# Description of the task
Restate, word for word, the run of lines that starts at the line containing "Elling buffet after" and ends with the final line of the listing. Leave pictures out.

# Data

◆ ◆ ◆

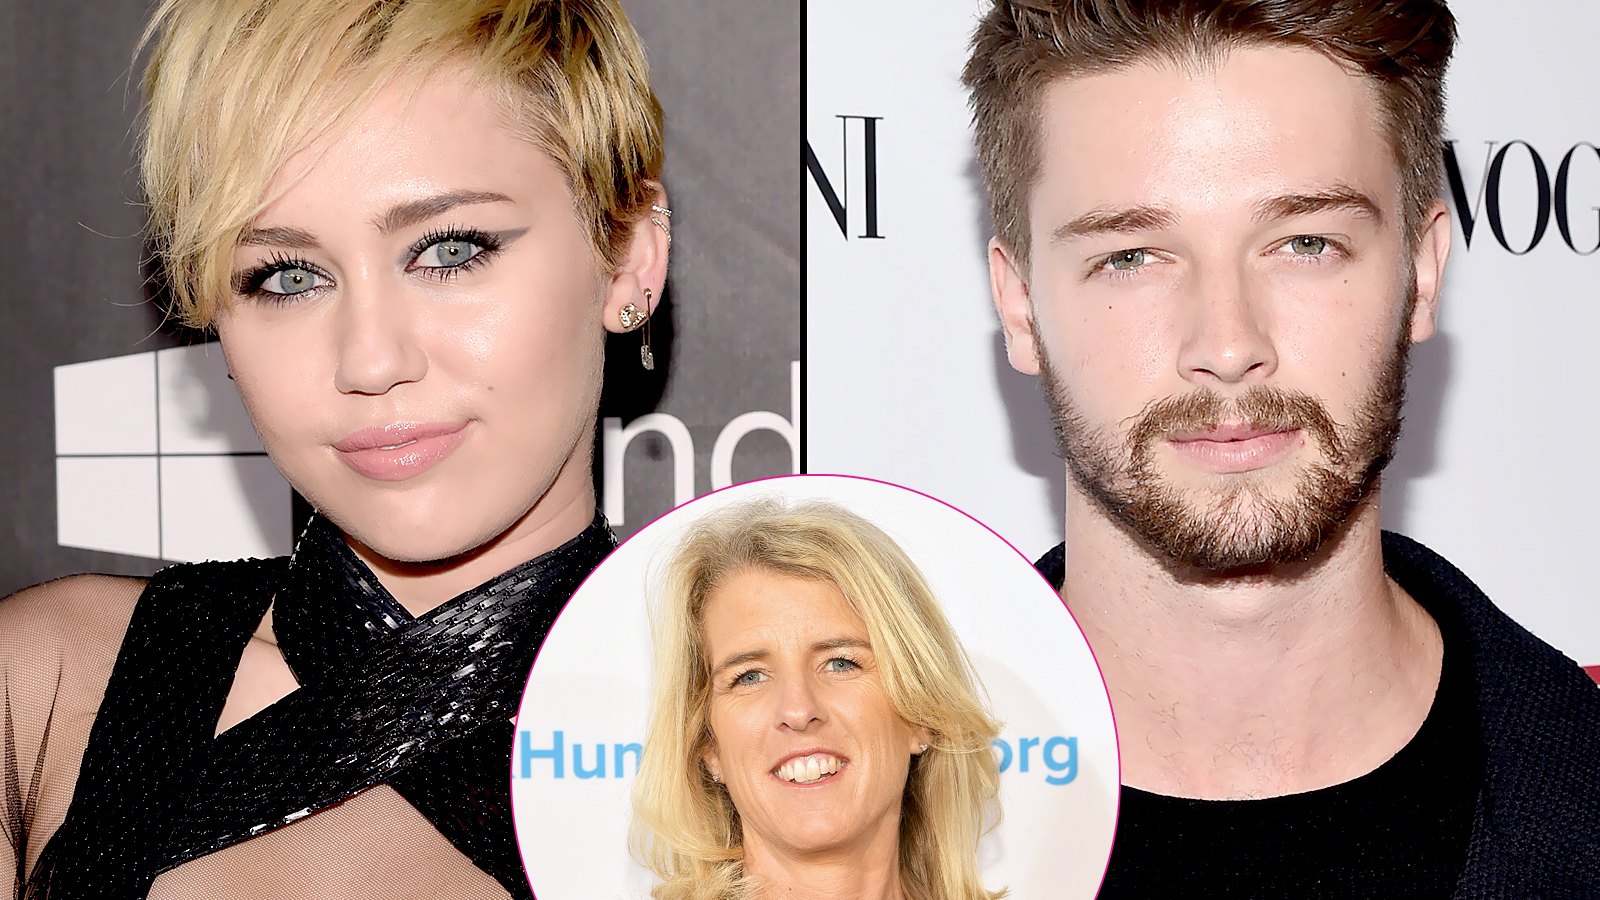 Miley Cyrus, Patrick Schwarzenegger and Rory Kennedy
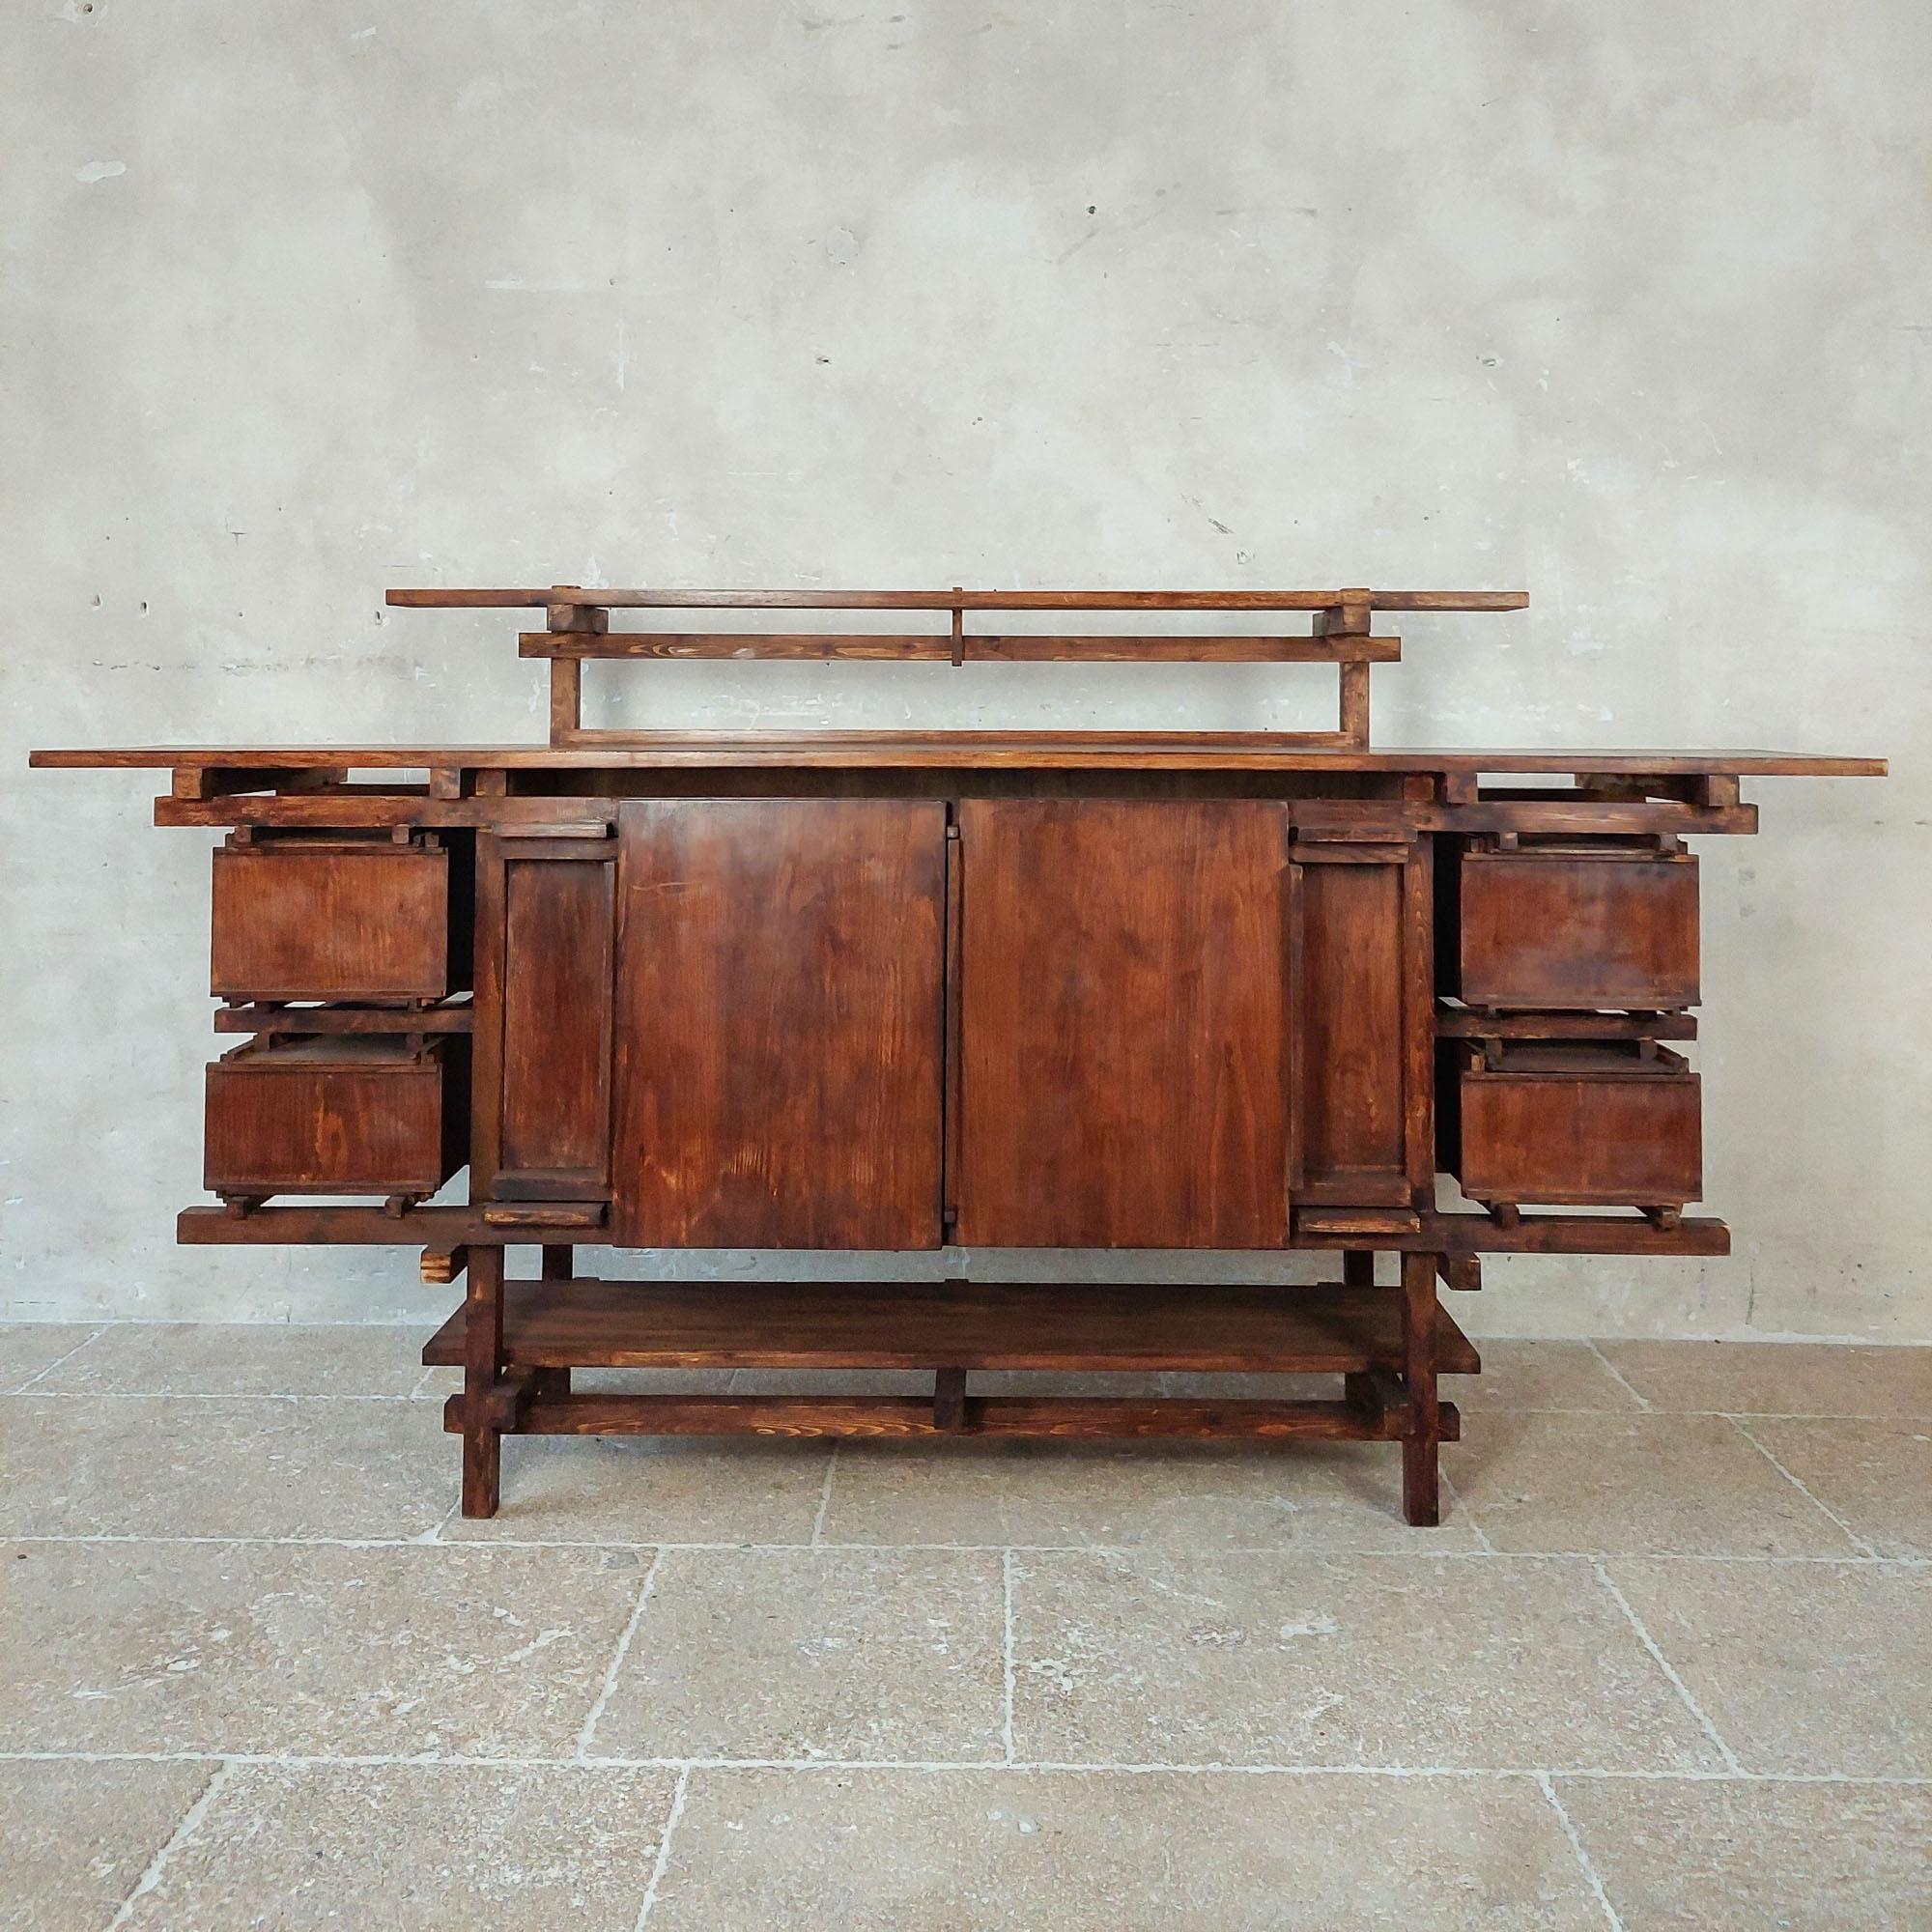 Elling buffet after the original from 1919, designed by Gerrit Rietveld.

The original buffet was designed by Gerrit Rietveld and made for fellow architect Piet Elling in 1919. This sideboard was originally used in the model home designed by J.P Oud

◆ ◆ ◆

# Task result
 Elling buffet after the original from 1919, designed by Gerrit Rietveld.

The original buffet was designed by Gerrit Rietveld and made for fellow architect Piet Elling in 1919. This sideboard was originally used in the model home designed by J.P Oud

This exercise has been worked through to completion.